Electron microscopy and morphology. After PD and under isoflurane anesthesia, PBS was rapidly infused through the carotid artery until fluid in the outflow catheter was blood-free in two controls and two Cav-1-KO mice. Thereafter, 20 ml of fixation solution (PBS, 1% formaldehyde, and 2.5% glutaraldehyde) were infused. The abdomen was cut open, and the abdominal wall was carefully dissected and placed in vials with fixation solution. Preparations were kept at 4°C overnight and moved to the same solution without glutaraldehyde, in which they were kept until they were postfixed for 1 h using osmium tetroxide. After dehydration in graded ethanols, the tissues were embedded in Durcupan, and ultrathin sections were cut and contrasted with uranyl acetate and lead citrate. Digital images were obtained in a transmission electron microscope.

Calculations and statistical analysis. We have chosen to interpret our data in terms of the two-pore model (23), which is relatively simple and straightforward, although other more sophisticated models of capillary permselectivity exist (5).
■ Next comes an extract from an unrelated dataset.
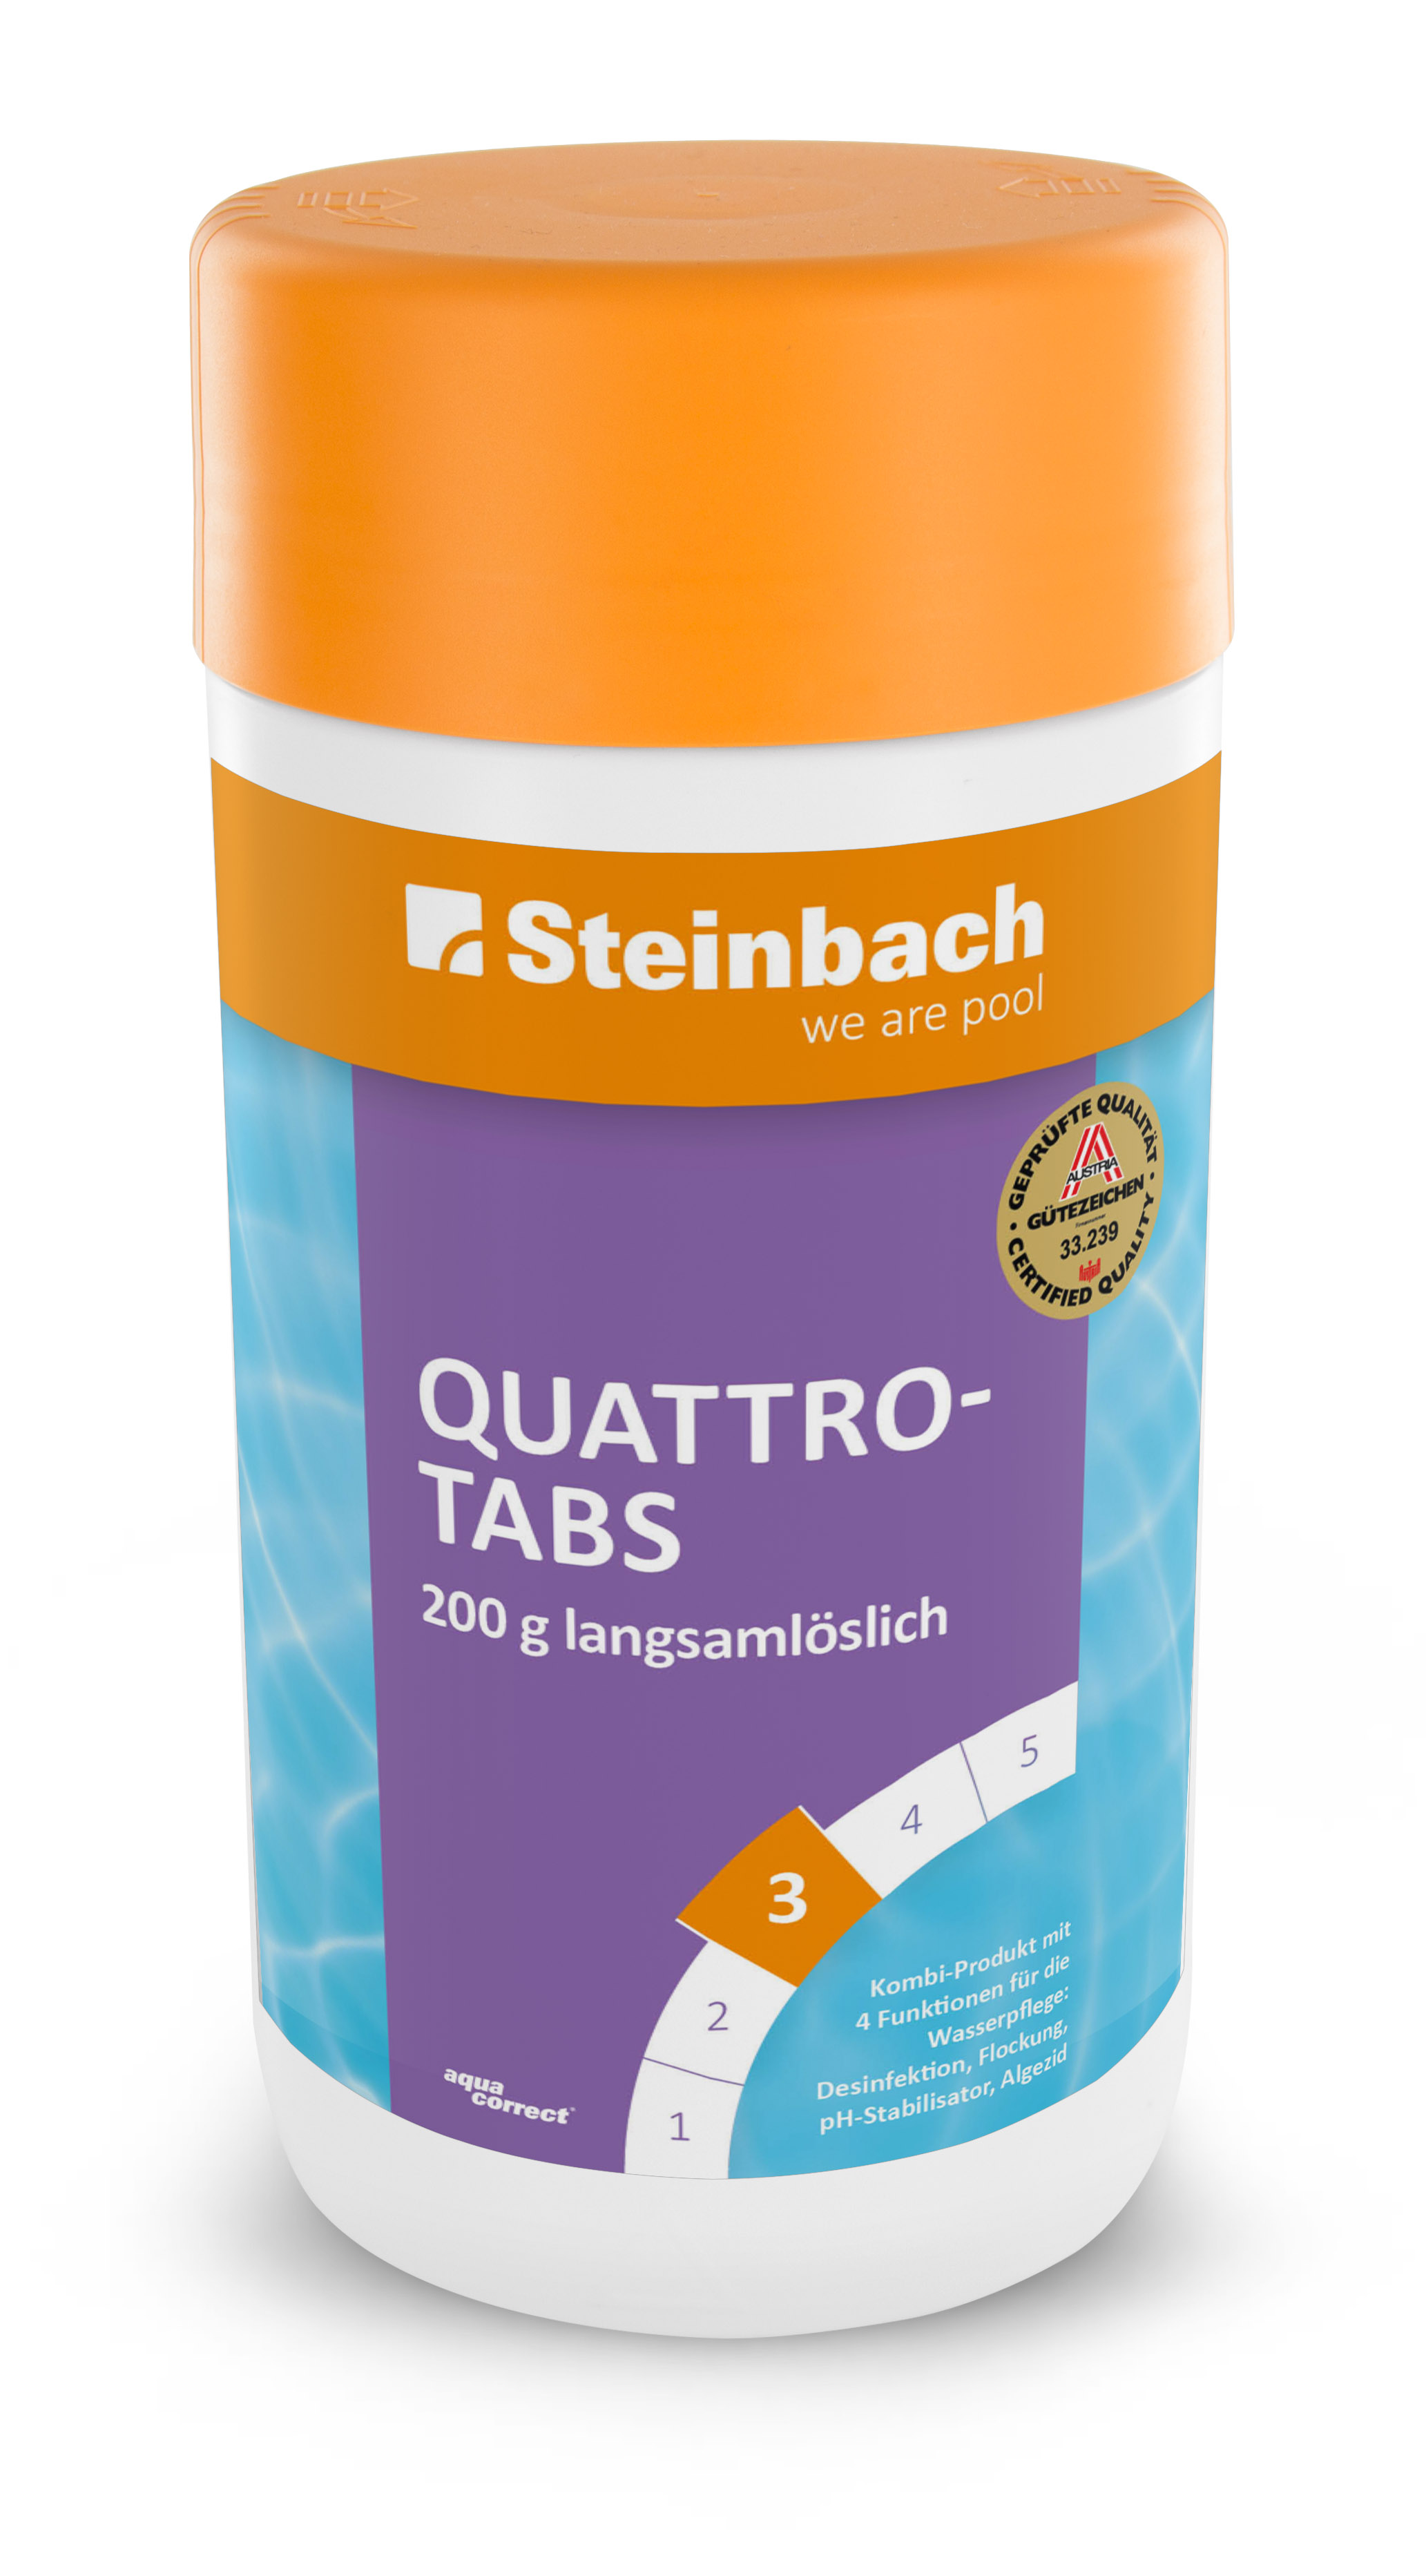 Steinbach Quattrotabs 200 g langsamlöslich, 1 kg
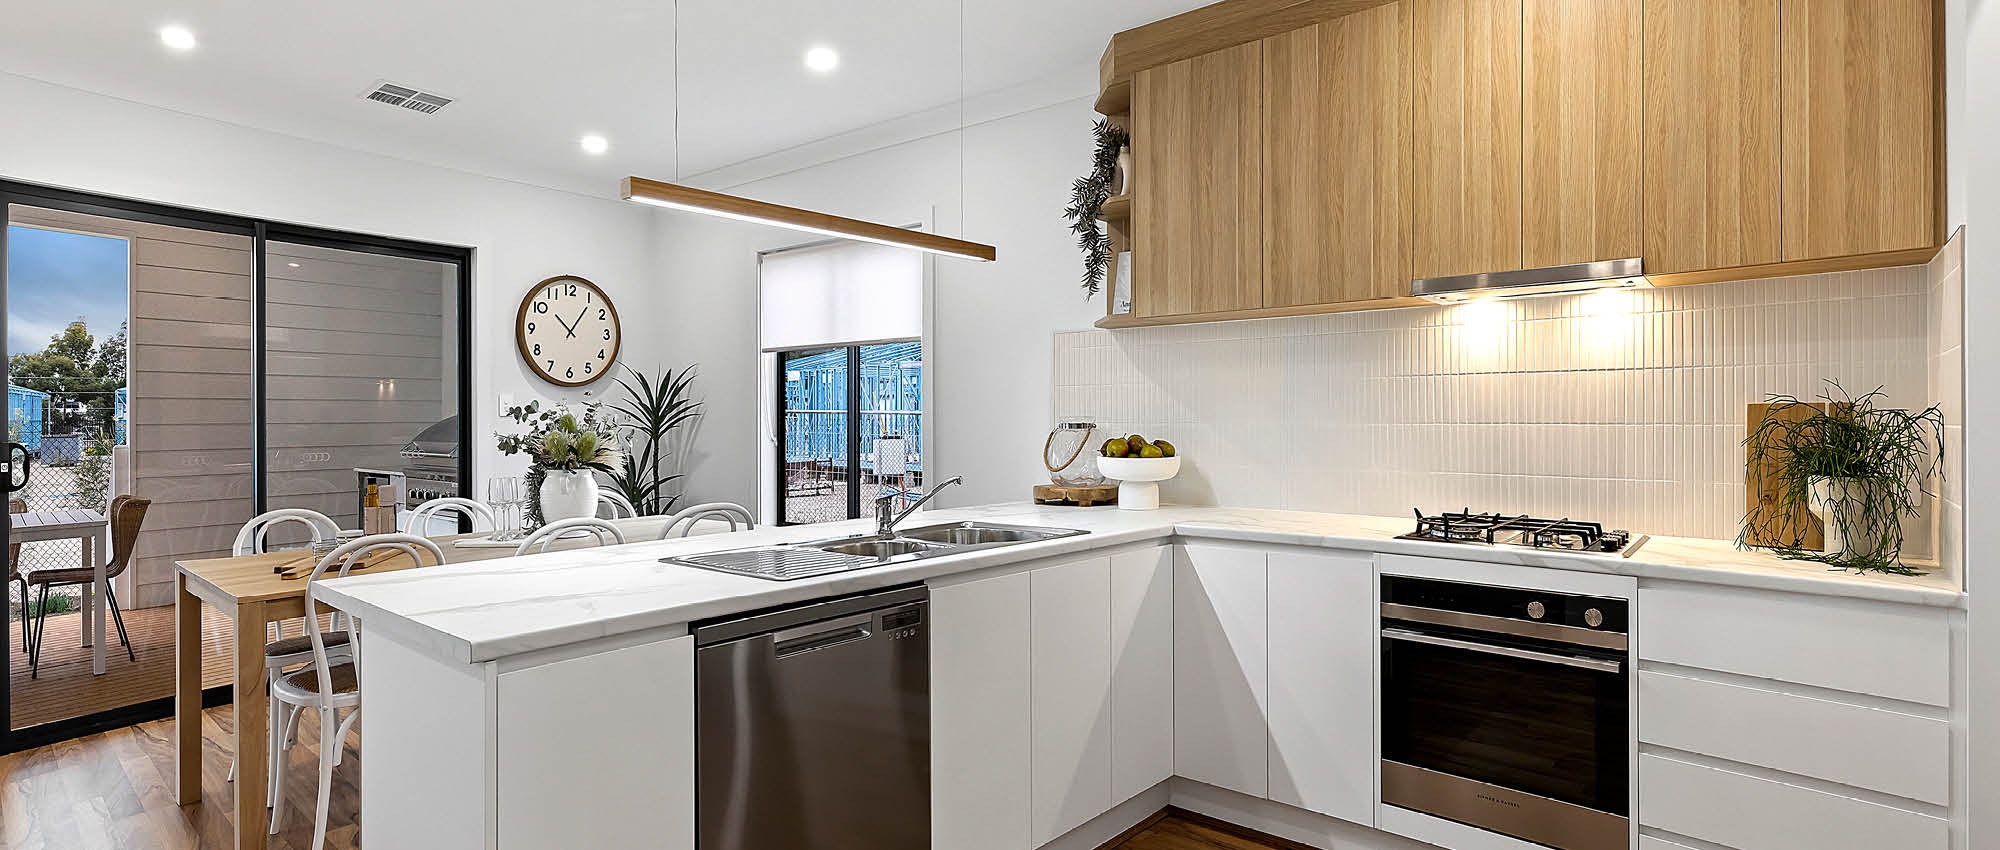 Web-Article-Banner-Image AKORA-functional-modular-kitchen-designs-getaway-display-home-kitchen-2000x850px

The two-pore model is used daily in software designed to predict and describe the peritoneal exchanges during PD in patients worldwide. Details regarding the two-pore fit and the fiber matrix-pore model are given in the APPENDIX. Clearance calculations were performed as described in previous publications (2, 3, 25, 27) from the mass transfer of tracer per unit time divided by the average plasma concentration of tracer. PS for glucose was averaged from sequential measurements throughout the dwell, setting the sieving coefficient at 0.57. All data are expressed as means ± SE. Statistical differences were analyzed using Mann-Whitney's test on the computer program SPSS 11.0.1 for Macintosh OSX (SPSS, Chicago, IL).


    RESULTS
 TOP
 ABSTRACT
 MATERIALS AND METHODS
 RESULTS
 DISCUSSION
 APPENDIX
 GRANTS
 REFERENCES
 
There were no differences between control and KO-mice regarding hemodynamic parameters. Mean arterial pressure (MAP) was 76 ± 3 for control and 73 ± 6 mmHg for Cav-1-KO mice, whereas heart rate was 550 ± 14 and 549 ± 15 beats/min, respectively.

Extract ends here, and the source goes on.